You are possibly the most hideous person I have had the misfortune of knowing and I knew right from the second I met you that you were vile.
Speaking of other mean girls, after trying to walk the kitten on a lead [that is to say get the collar on her and drag her on her side to the back door with it] Hobart has decided payback comes in the form of clawing my new rug which I just rolled out about 15 minutes ago. All the bushels of wool that she is digging up she chews up. My payback will be laughing when she coughs up a fur ball. Then her payback will be my broken heart as I sit and watch her all stressed and worried that I have to call the Pet Ambulance. And when she is okay again I will feed her some THRIVE freeze dried shrimps.

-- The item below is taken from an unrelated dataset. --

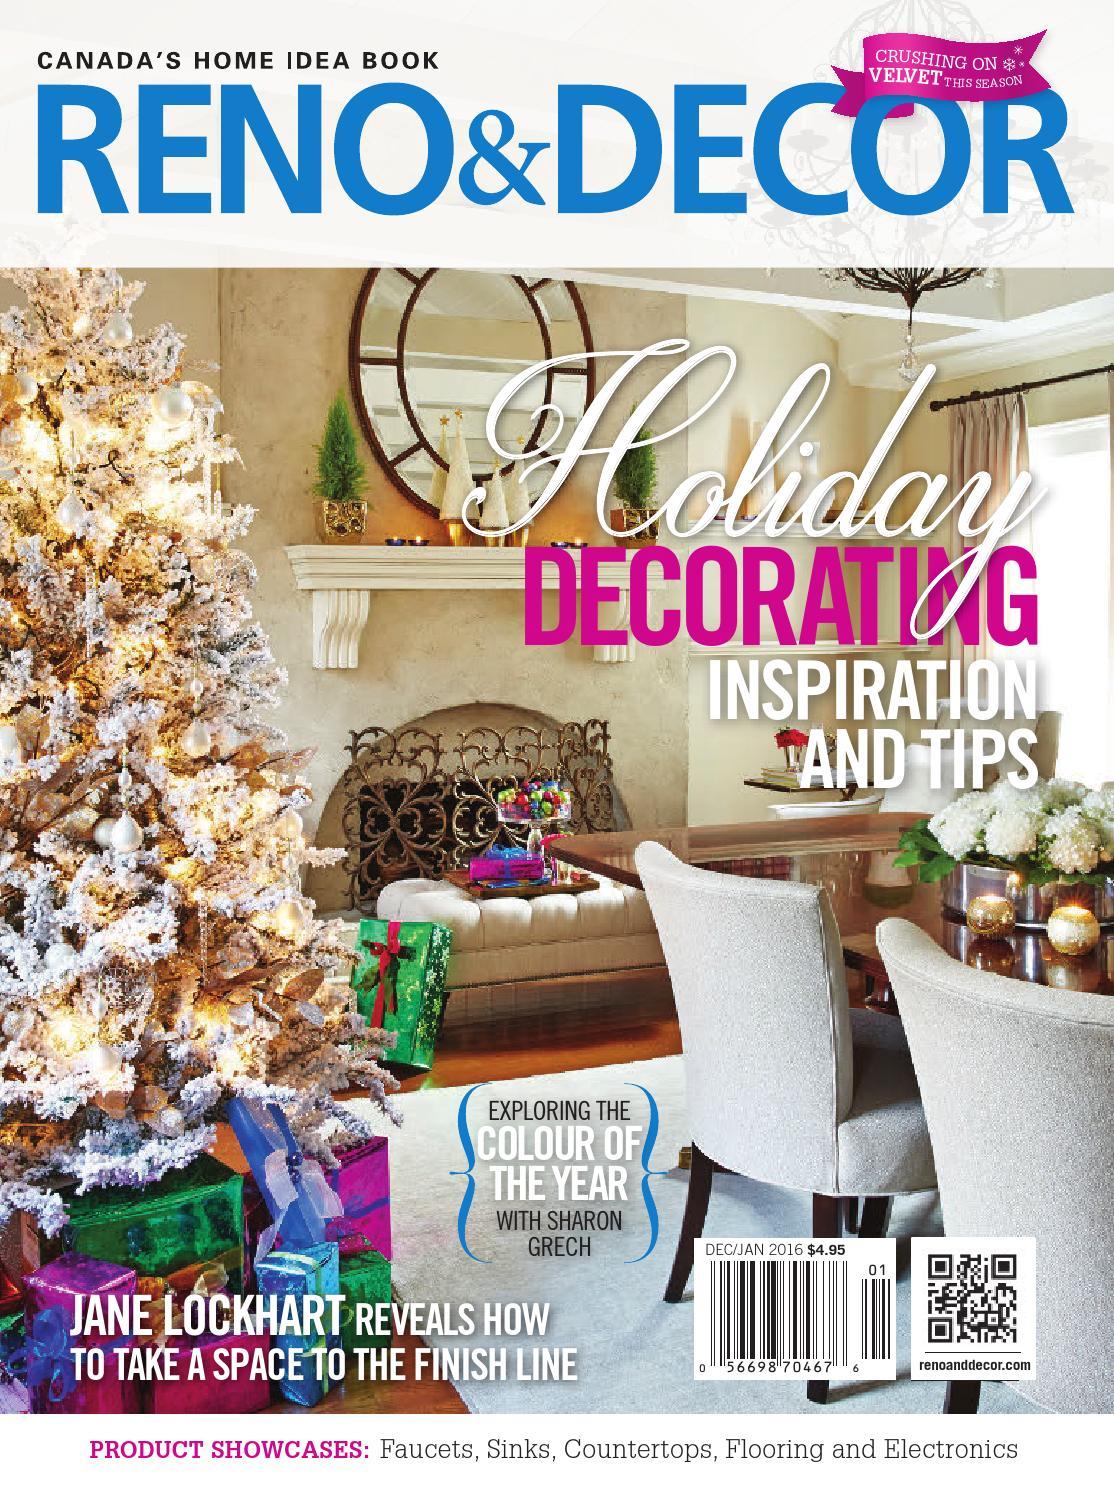 Home Decorating Magazines Reno & Decor Magazine  Aprmay 2017Homes Publishing Group  Issuu

I had a funny evening this evening with Mr 40something who had obviously had a very boozy lunch and was telling me how life was so horrible and depressing and stressful. He also said that I did nothing but take the piss out of him. But that I was also the person who was the most polite and respectful to him as well. [Aussie humour.] Then he asked me if I wanted a glass of wine. Worried he might have a sex den in his basement I said that he was welcome to bring the wine upstairs. He said he would be 5 minutes. After 35 I finished what I was doing and went home. Poor fella. He had splits in the crotch of his pants where they had worn through.
Oh – and Lady Gang alert – I’m double dog baby sitting with Mrs Kipling on Saturday night at the most luxurious flat in town. Anyone else want to come and watch the Nollywood channel and polish of a few bottles of something? The Booyah Cook may or may not make an appearance. Depends how much we want Pizza instead.